Task objective: Repeat only what runs from the line with "DSTM Form bodysuit / swimsuit" through the last line of the data below, both included, keeping every word as it is and leaving out the pictures.

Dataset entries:

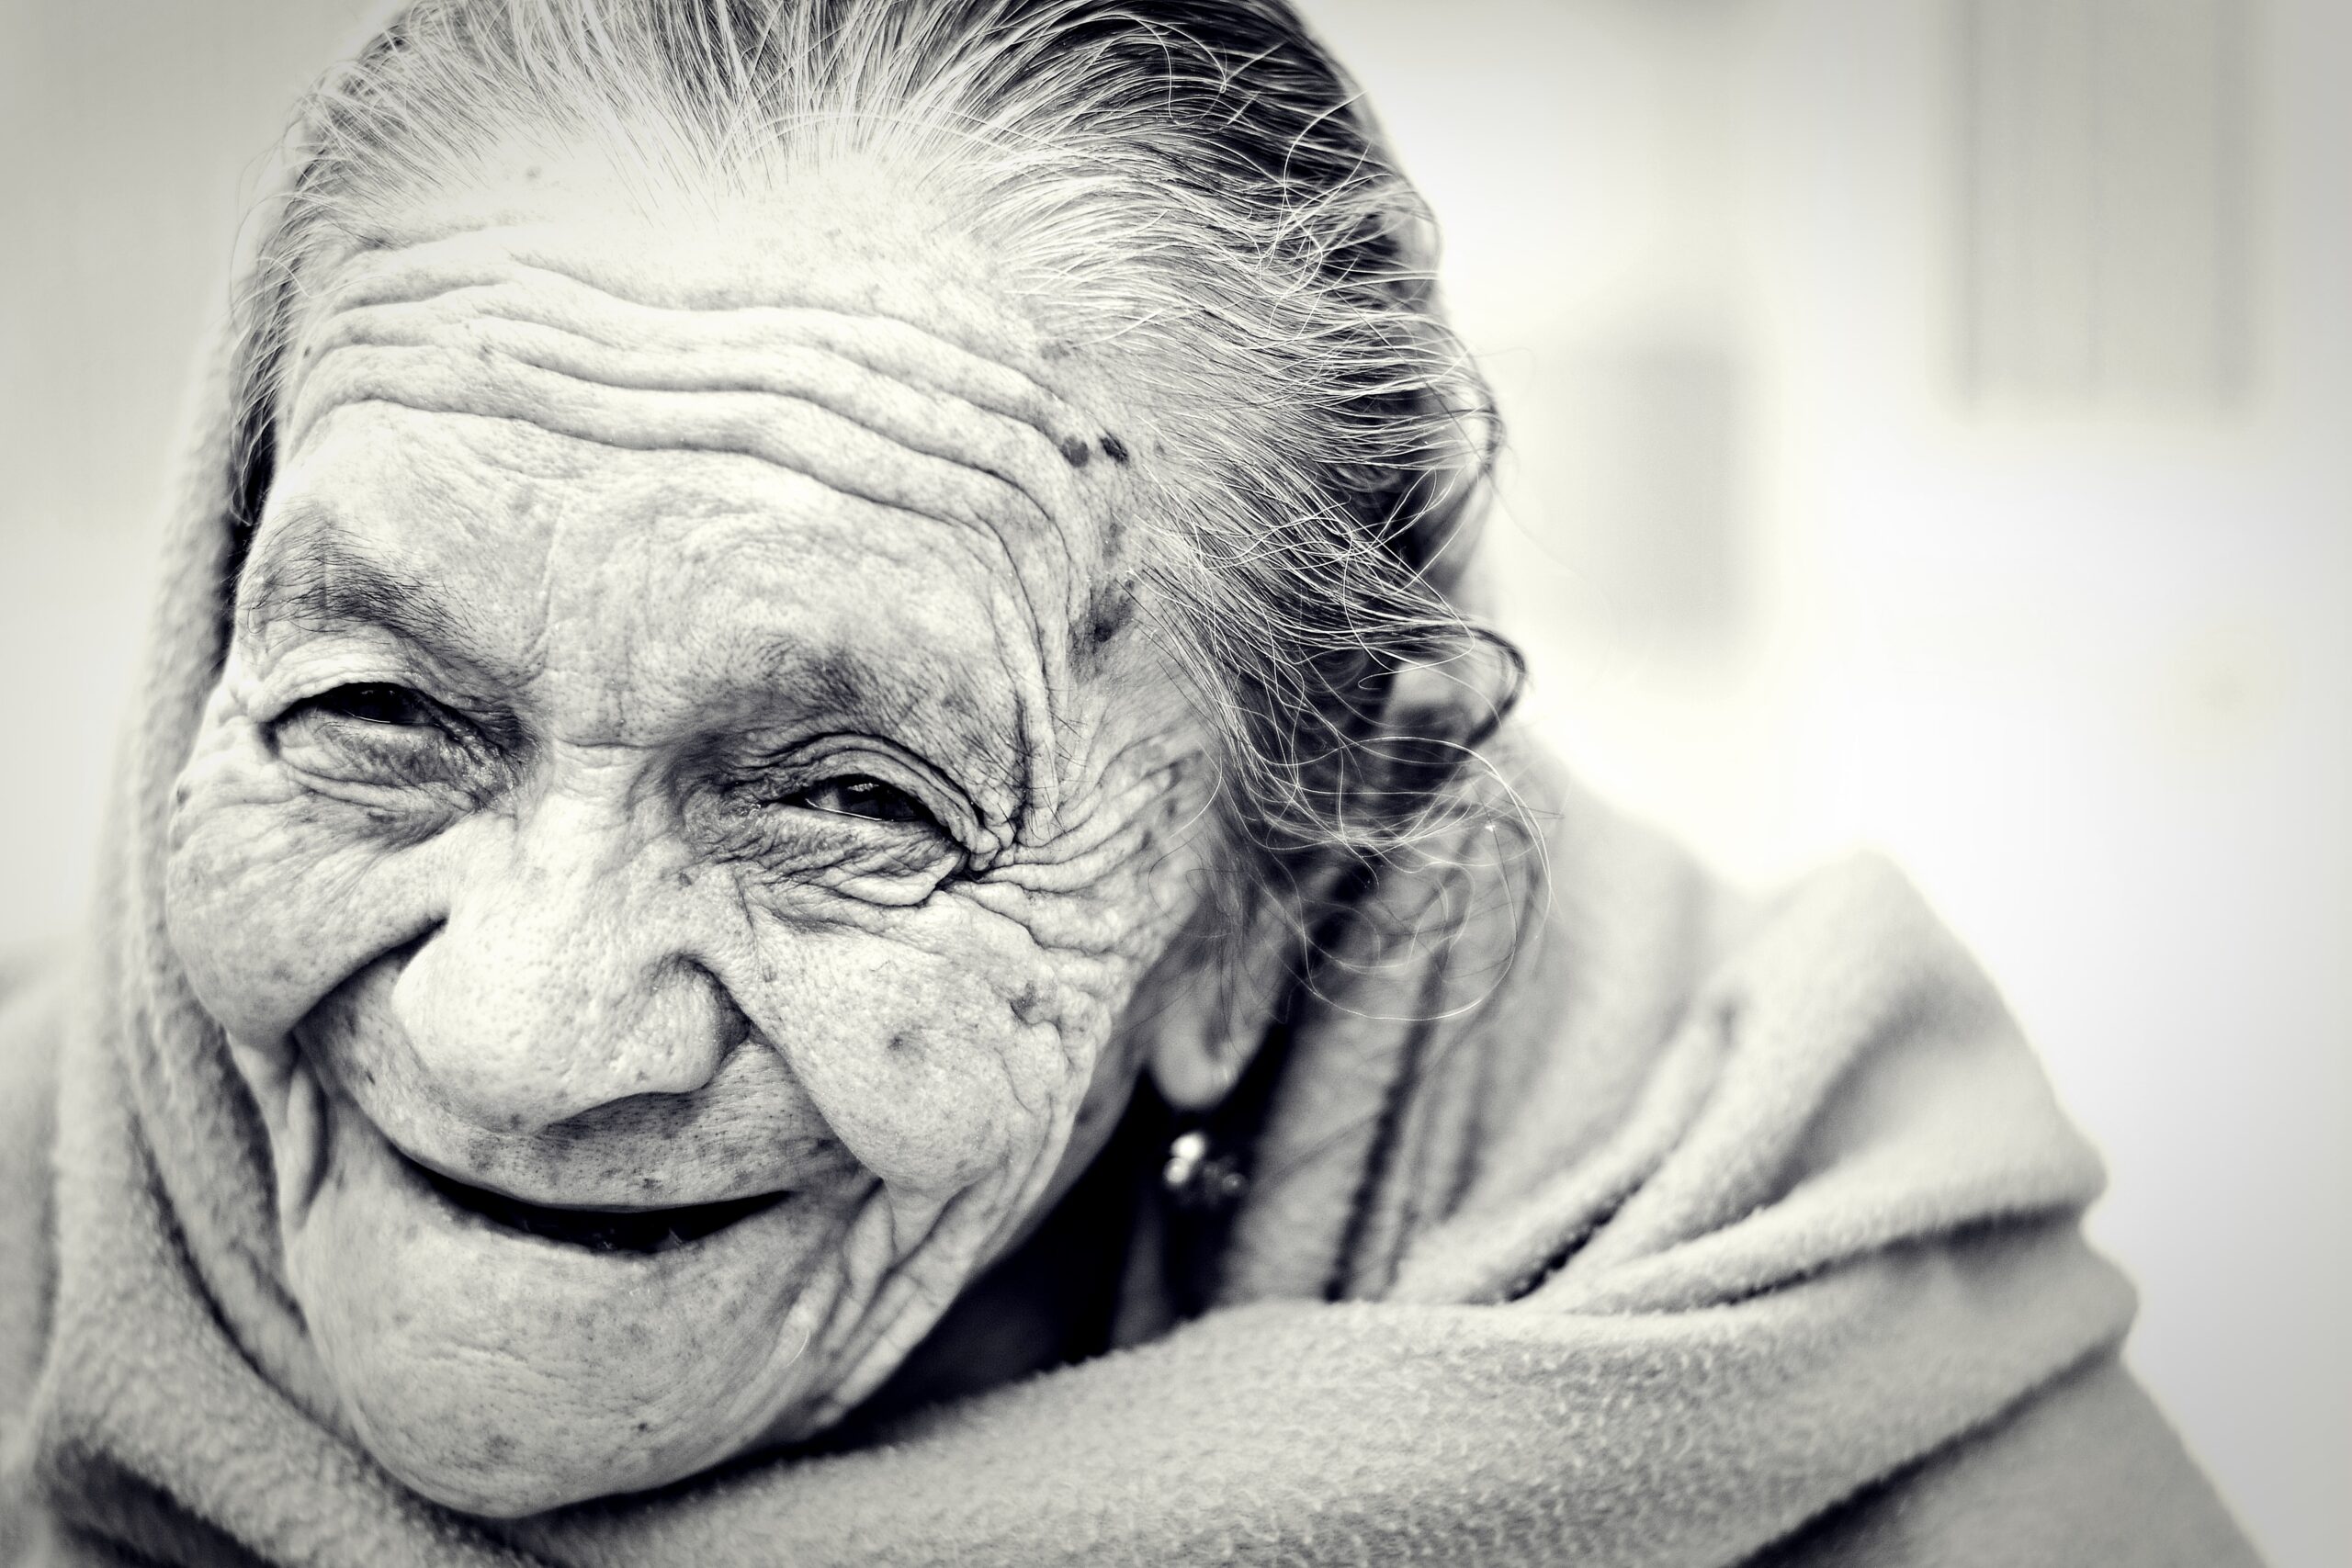 Zwart-wit foto van oude, blij kijkende vrouw
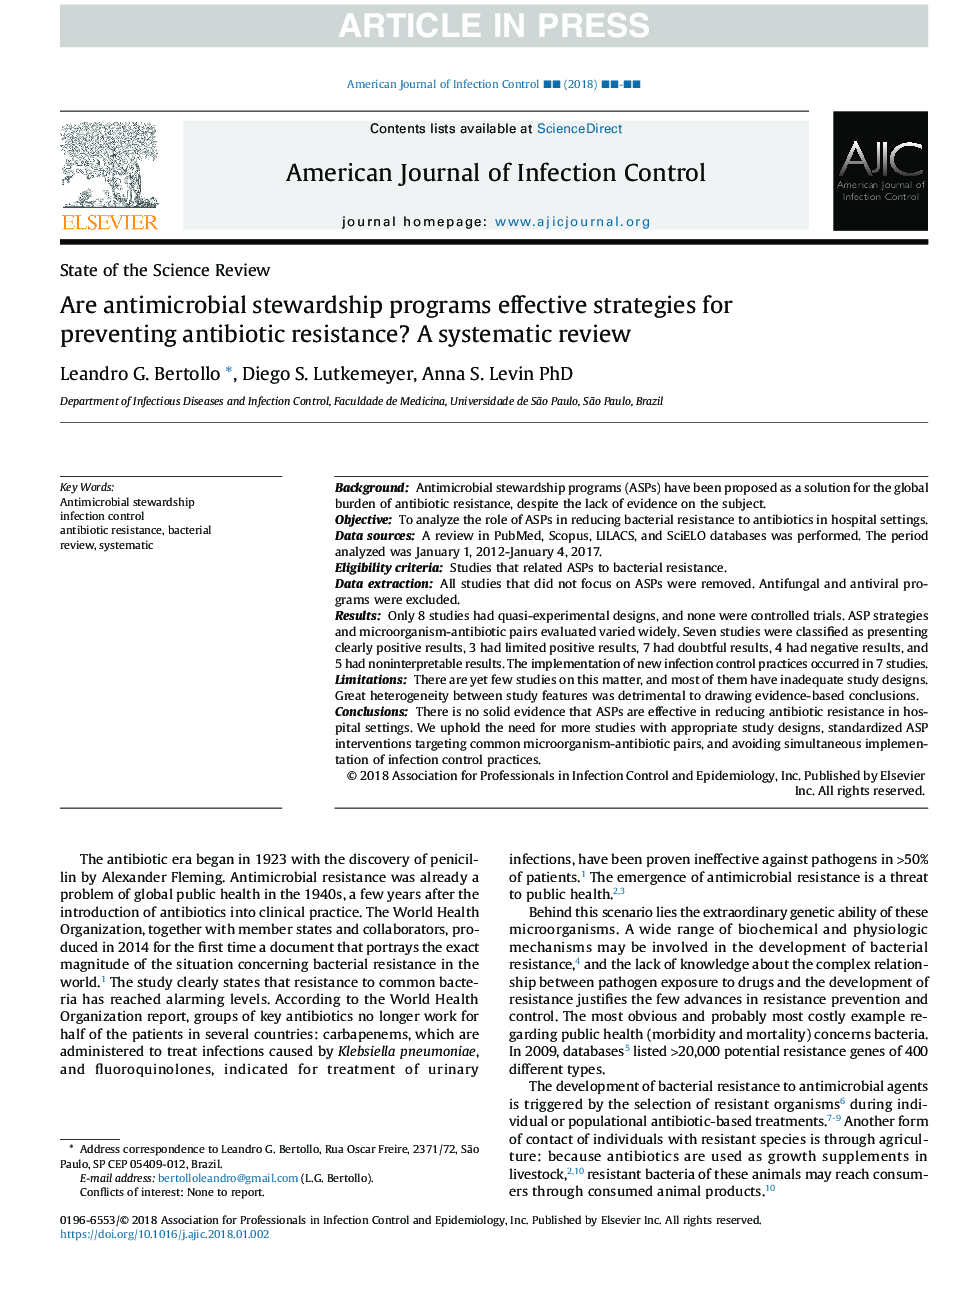 آیا برنامه های نگهداری ضد میکروبی برای جلوگیری از مقاومت آنتی بیوتیکی موثر است؟ بررسی سیستماتیک 
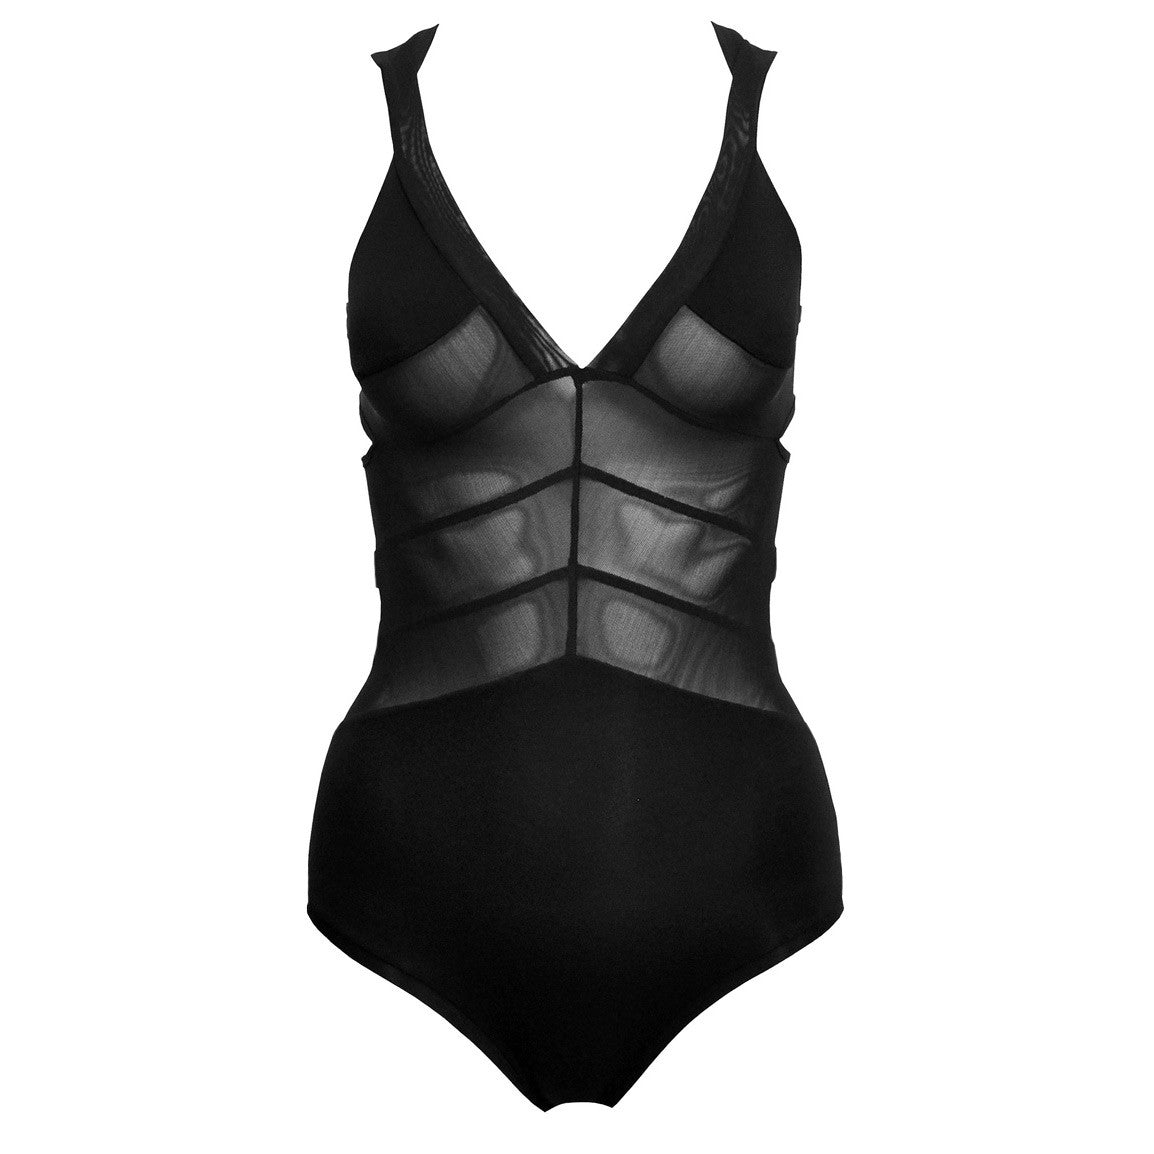 DSTM Form bodysuit / swimsuit
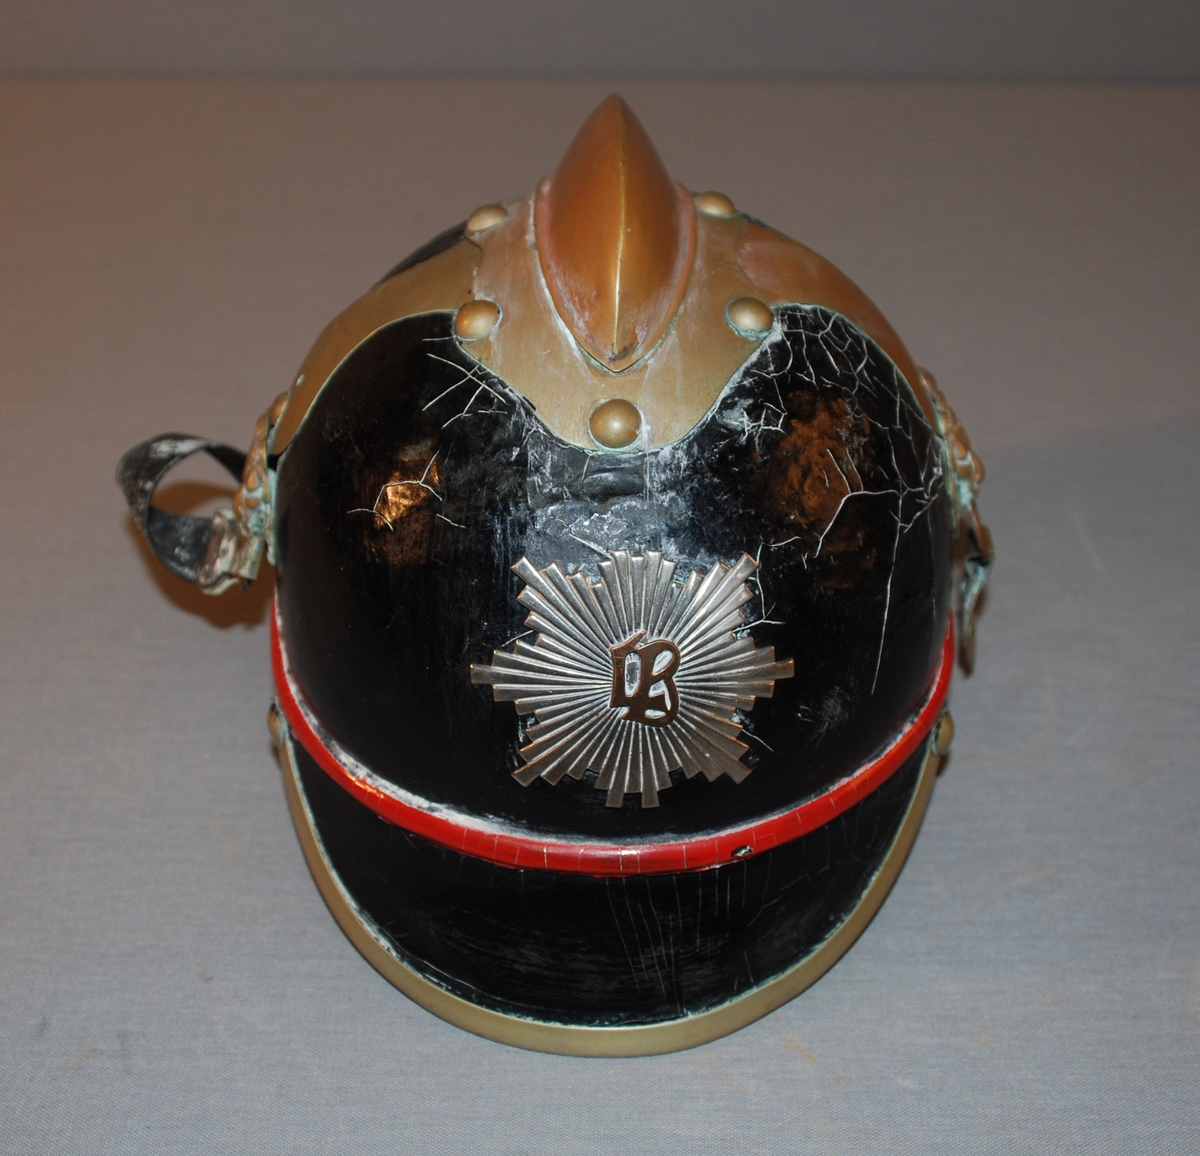 Bergen byvåpen - merke i metall på hjelmens front.
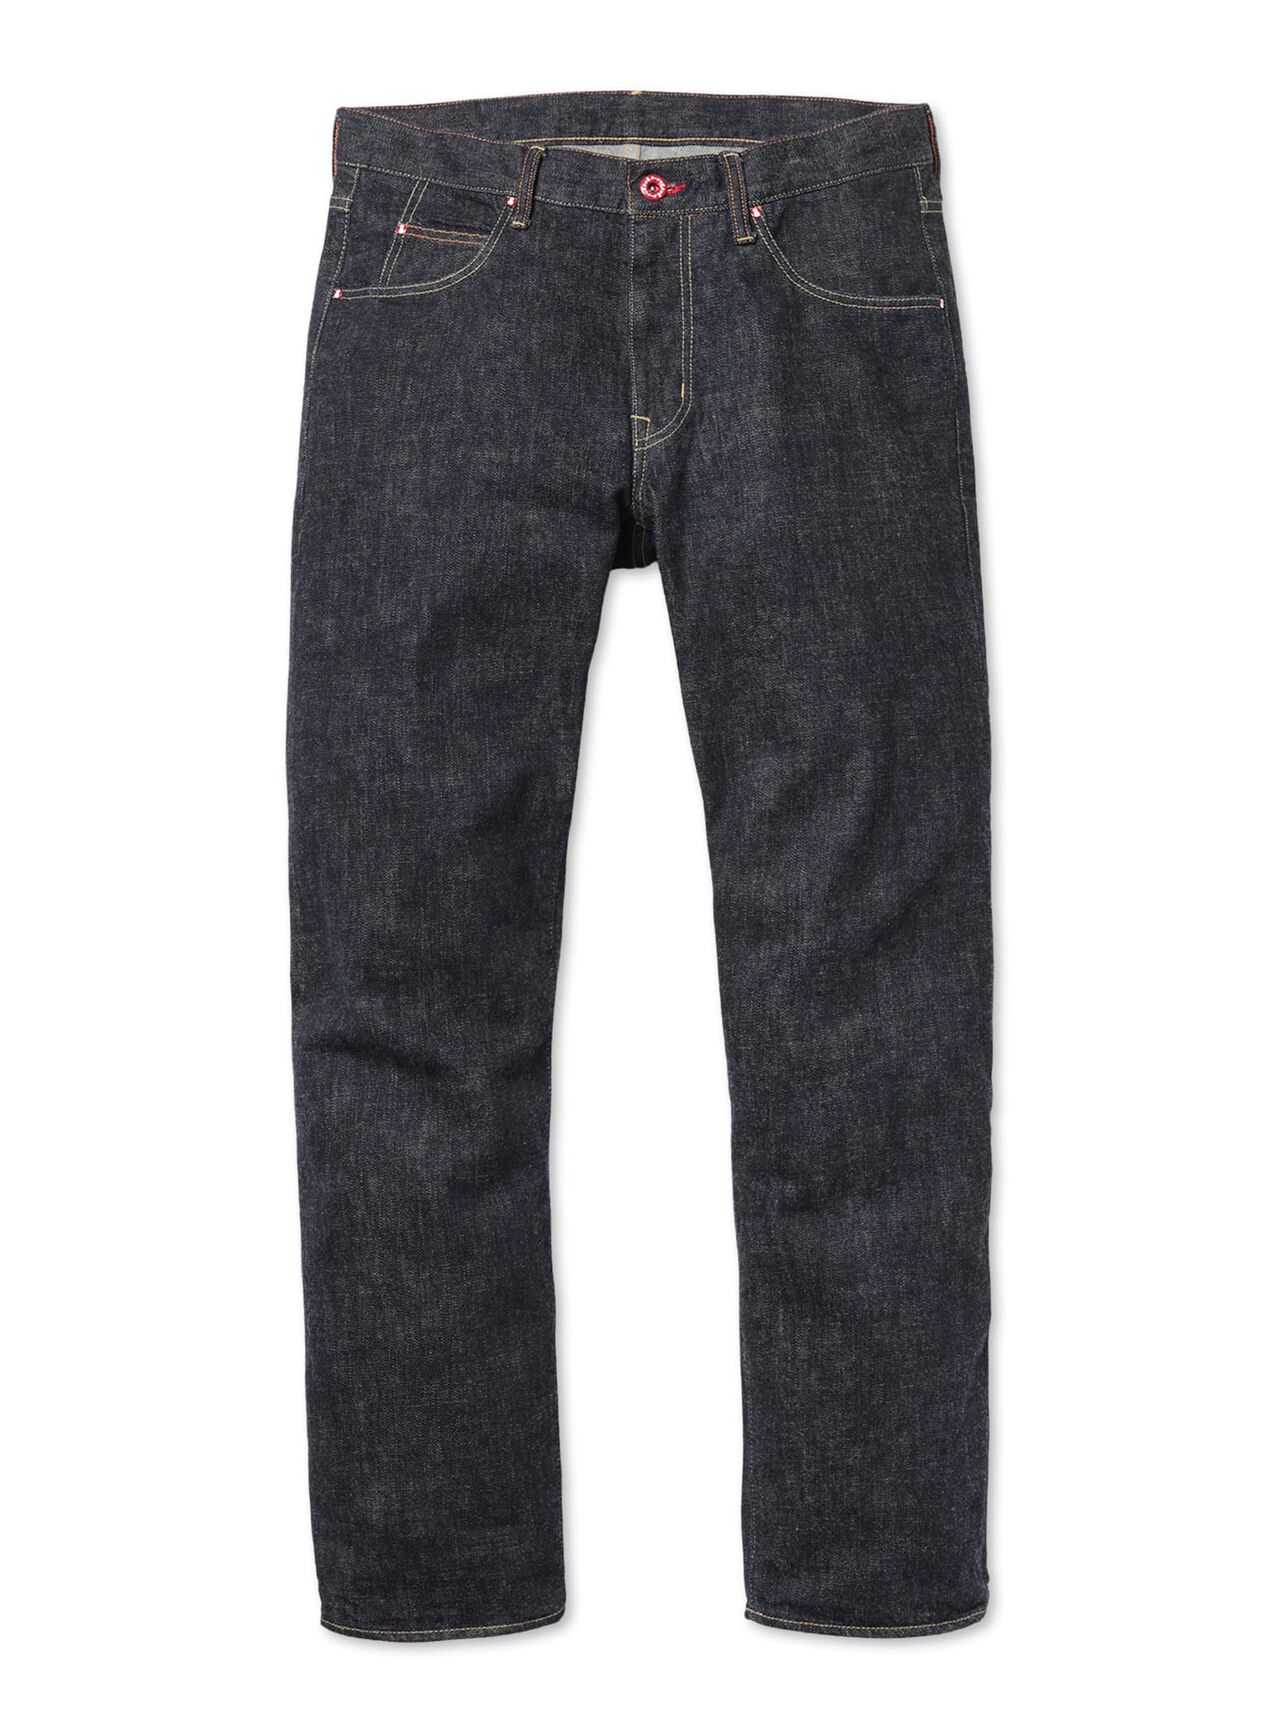 Jeans - Regular 22 - Reverse U5,, large image number 0

Exercise output:
 DSTM Form bodysuit / swimsuit
 Bergen byvåpen - merke i metall på hjelmens front.
 Jeans - Regular 22 - Reverse U5,, large image number 0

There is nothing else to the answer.